Saturday, February 19, 2005

First Week o’ Feb

Eyeuwwwwww

February the mushiest and most gross month, except for the 17th when all is suppose to be all about yours truly. I spent the 14th quiet well, with who else but andrea and lian. We ate the most delicious and generous serving of lasagne al forno at Don Bosco Di Amici. We’re still having problems on how to pronounce the name. But saying a-mi-chi looks acceptable. It was a road trip, got lost in the veins of makati and bumped my shalala.. Honda. Yesterday, the side mirror was scratched by a motorcycle, good thing I wasn’t driving and Vincent was pointing his finger like an ammo at the man.



TRY SEVENTEEN

Was almost a disaster after midday. I treated my friends at NorthPark and glad I chose it. Snow fish, dao something spareribs, yang chow rice, pork whatever, spring rolls and nanking beef noodles sent us to pigging out haven. Spending your bithday with your dearest friends is always the fun thing to do, we were a crazy group at NorthPark taking pictures every 5 minutes or so. I loved my friends’ birthday wishes for me, and lala was so sweet all throughout. I’d prepare something too for her big day, luckily it’ll be in Bangkok but we aint sure if she’s coming.

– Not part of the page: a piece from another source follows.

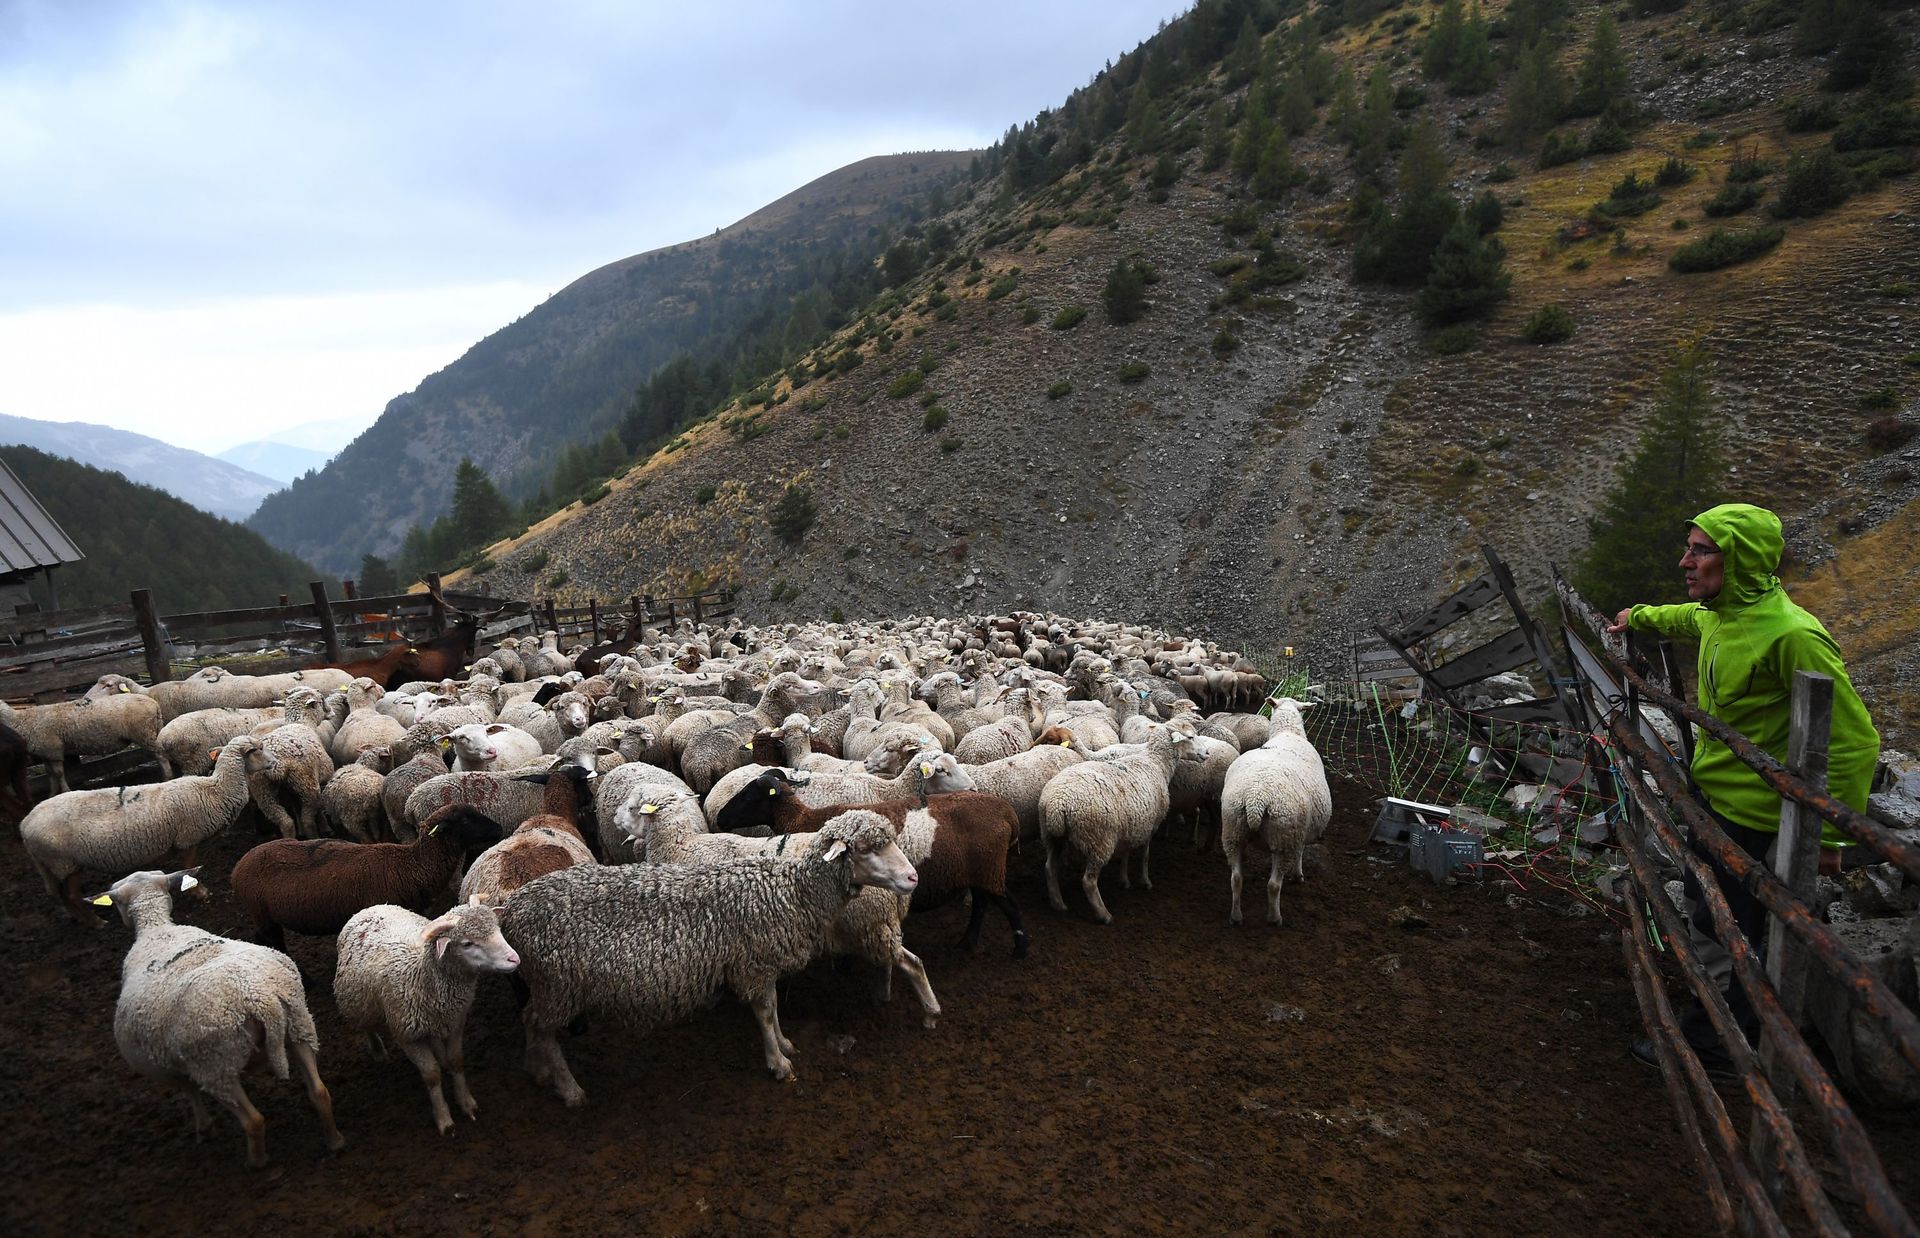 Un berger protège son troupeau des prédateurs, dans les Alpes françaises (27/09/17)

I almost want to piss at my e-marketing book, it ruined my birthday big time. The moment I woke up it’s the freaking midterm I was thinking of. When we were out eating, it’s still at the back of my head.. It’s like im paranoid looking over my back *linkin* . At home I was forced to read the book again and then another one for international marketing. No drinking session and videoke sing your lungs out fest at my house, since I’m the birthday bookworm. Oh drat, anyway, goodness I reached 2 decades of existence. I want to thank everybody for keeping up with my weirdness, violent tendencies, mood swings and the ultimate deadly silent treatment. Thanks a lot!!! I love ye all.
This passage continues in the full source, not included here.